- Recorded data -
__________________________________________________

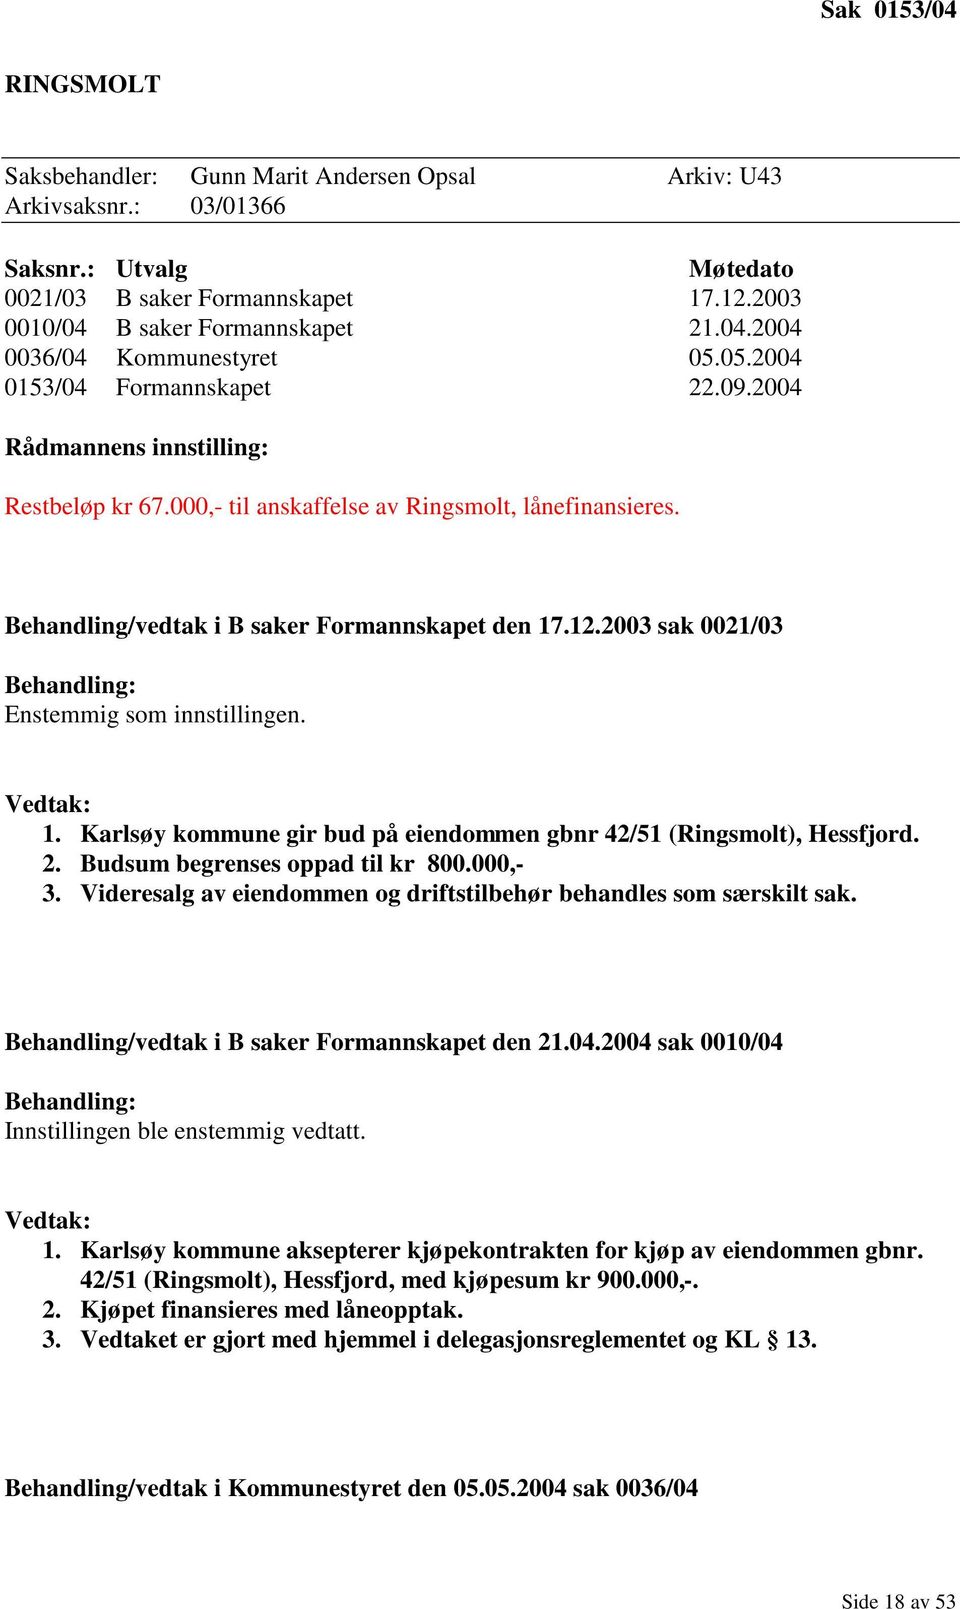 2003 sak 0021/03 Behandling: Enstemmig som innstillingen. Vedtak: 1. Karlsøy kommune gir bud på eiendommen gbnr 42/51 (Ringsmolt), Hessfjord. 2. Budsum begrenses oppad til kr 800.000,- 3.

__________________________________________________

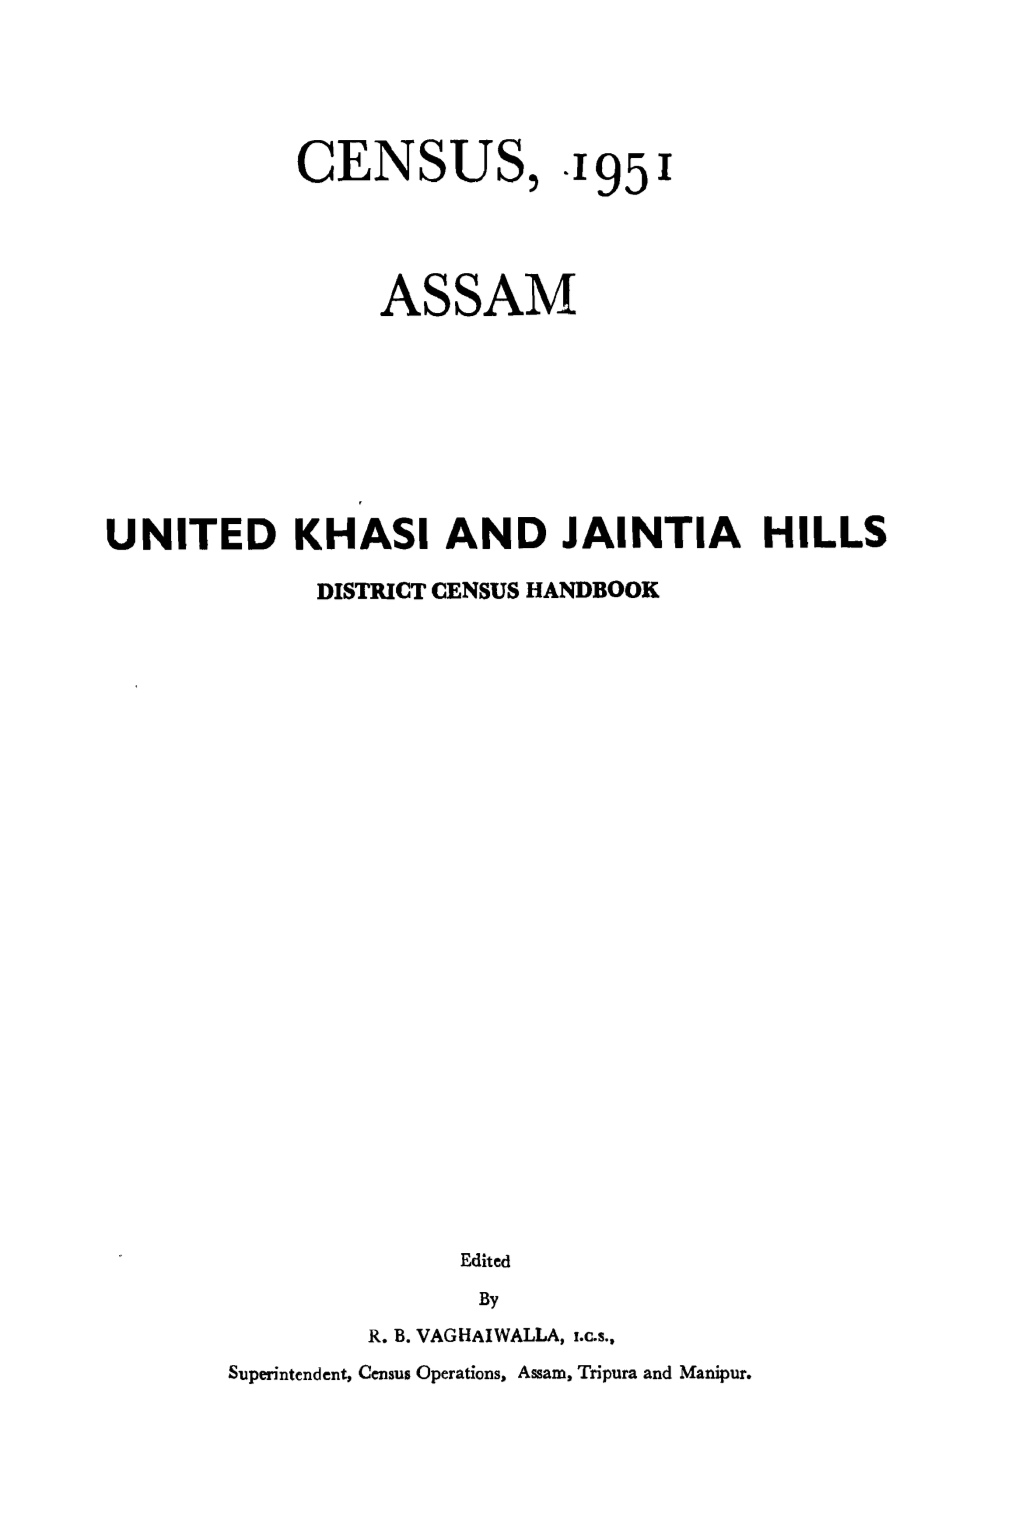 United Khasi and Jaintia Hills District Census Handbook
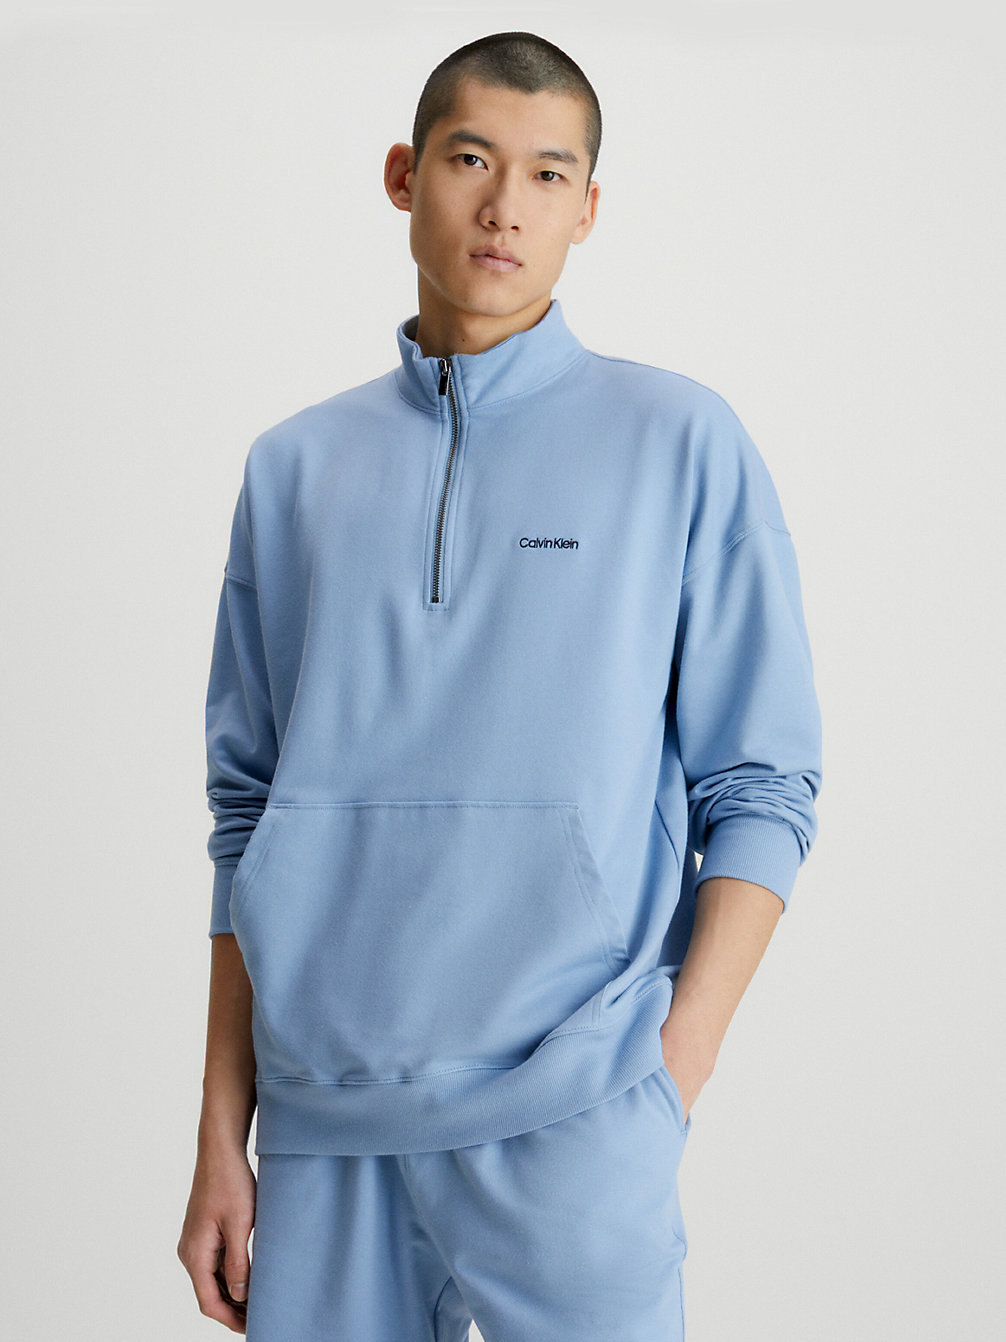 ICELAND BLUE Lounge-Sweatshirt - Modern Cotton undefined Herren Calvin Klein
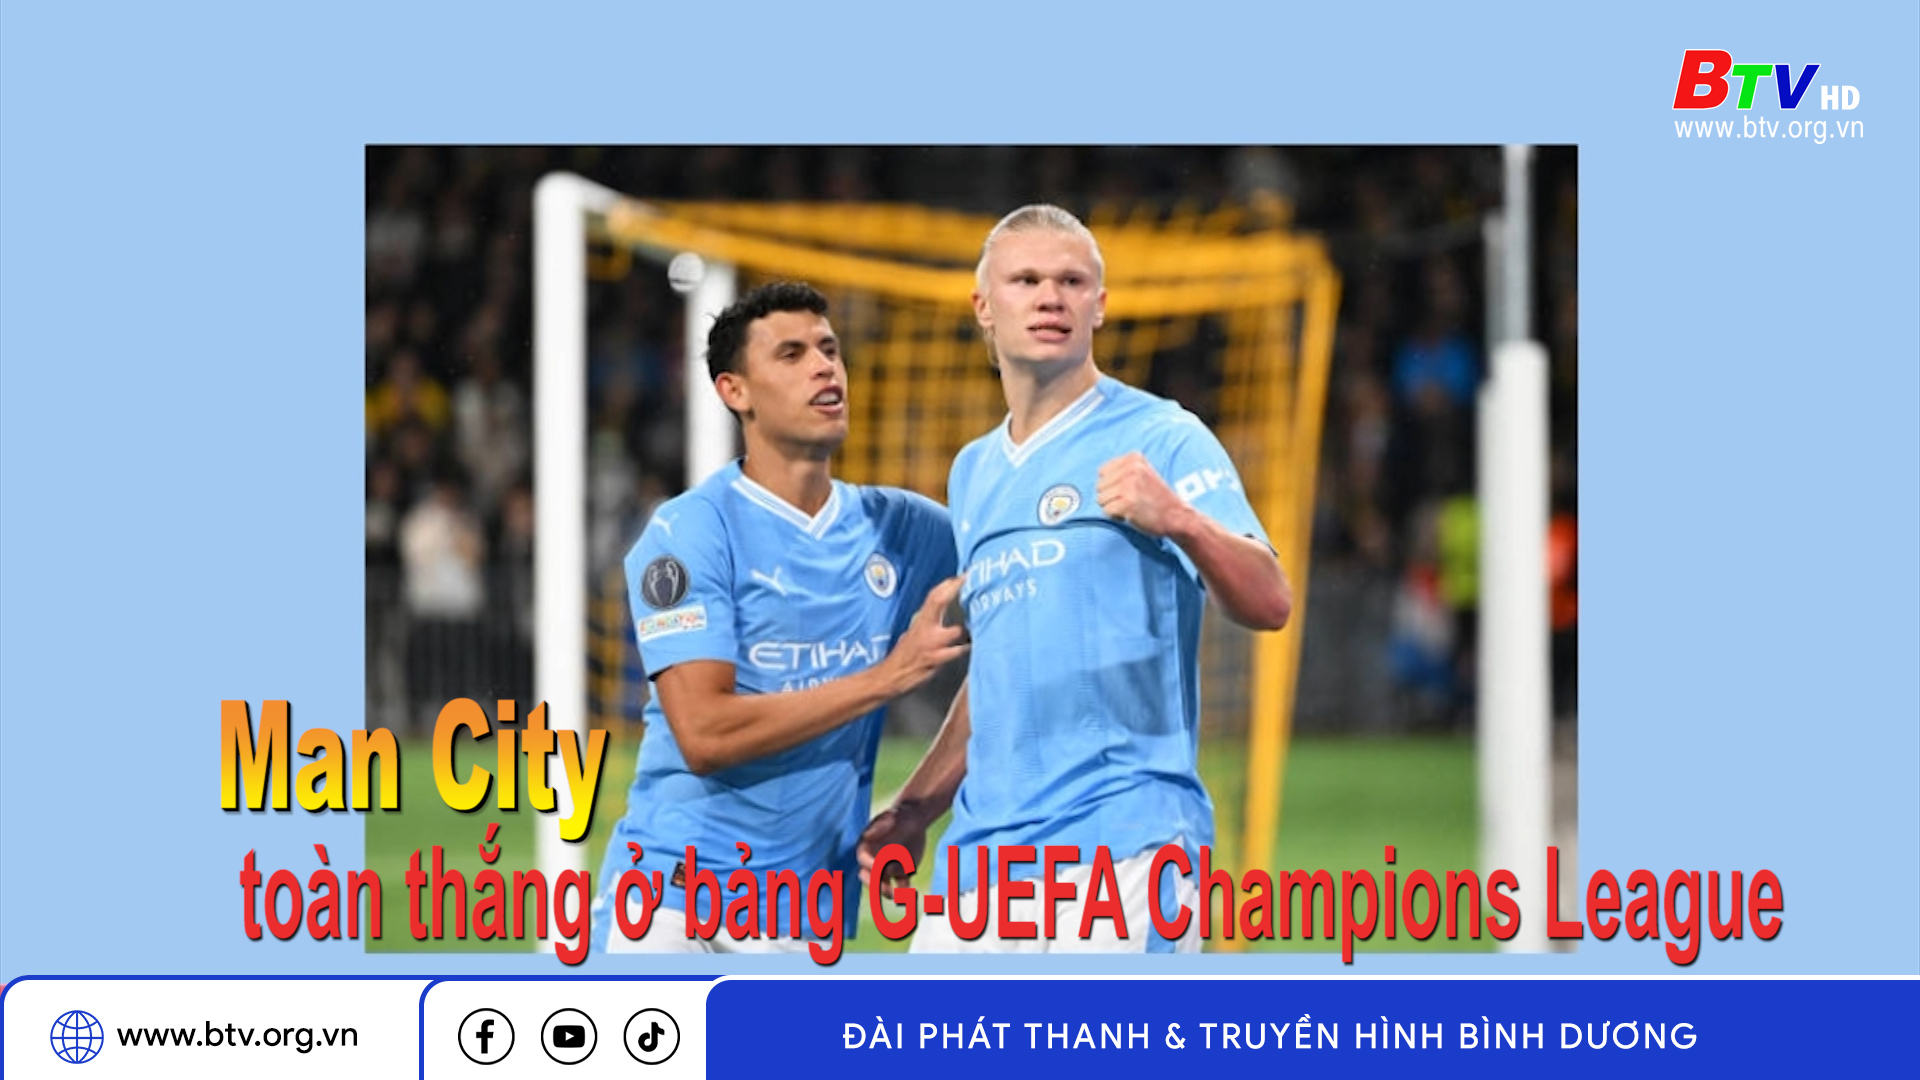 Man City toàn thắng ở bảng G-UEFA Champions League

__________________________________________________

- What the exercise asks -
Copy out exactly the material that runs from the line with "ICELAND BLUE Lounge-Sweatshirt" to the line with "Man City toàn", ends included, and leave the pictures behind.

- Answer for this exercise -
 ICELAND BLUE Lounge-Sweatshirt - Modern Cotton undefined Herren Calvin Klein
 Man City toàn thắng ở bảng G-UEFA Champions League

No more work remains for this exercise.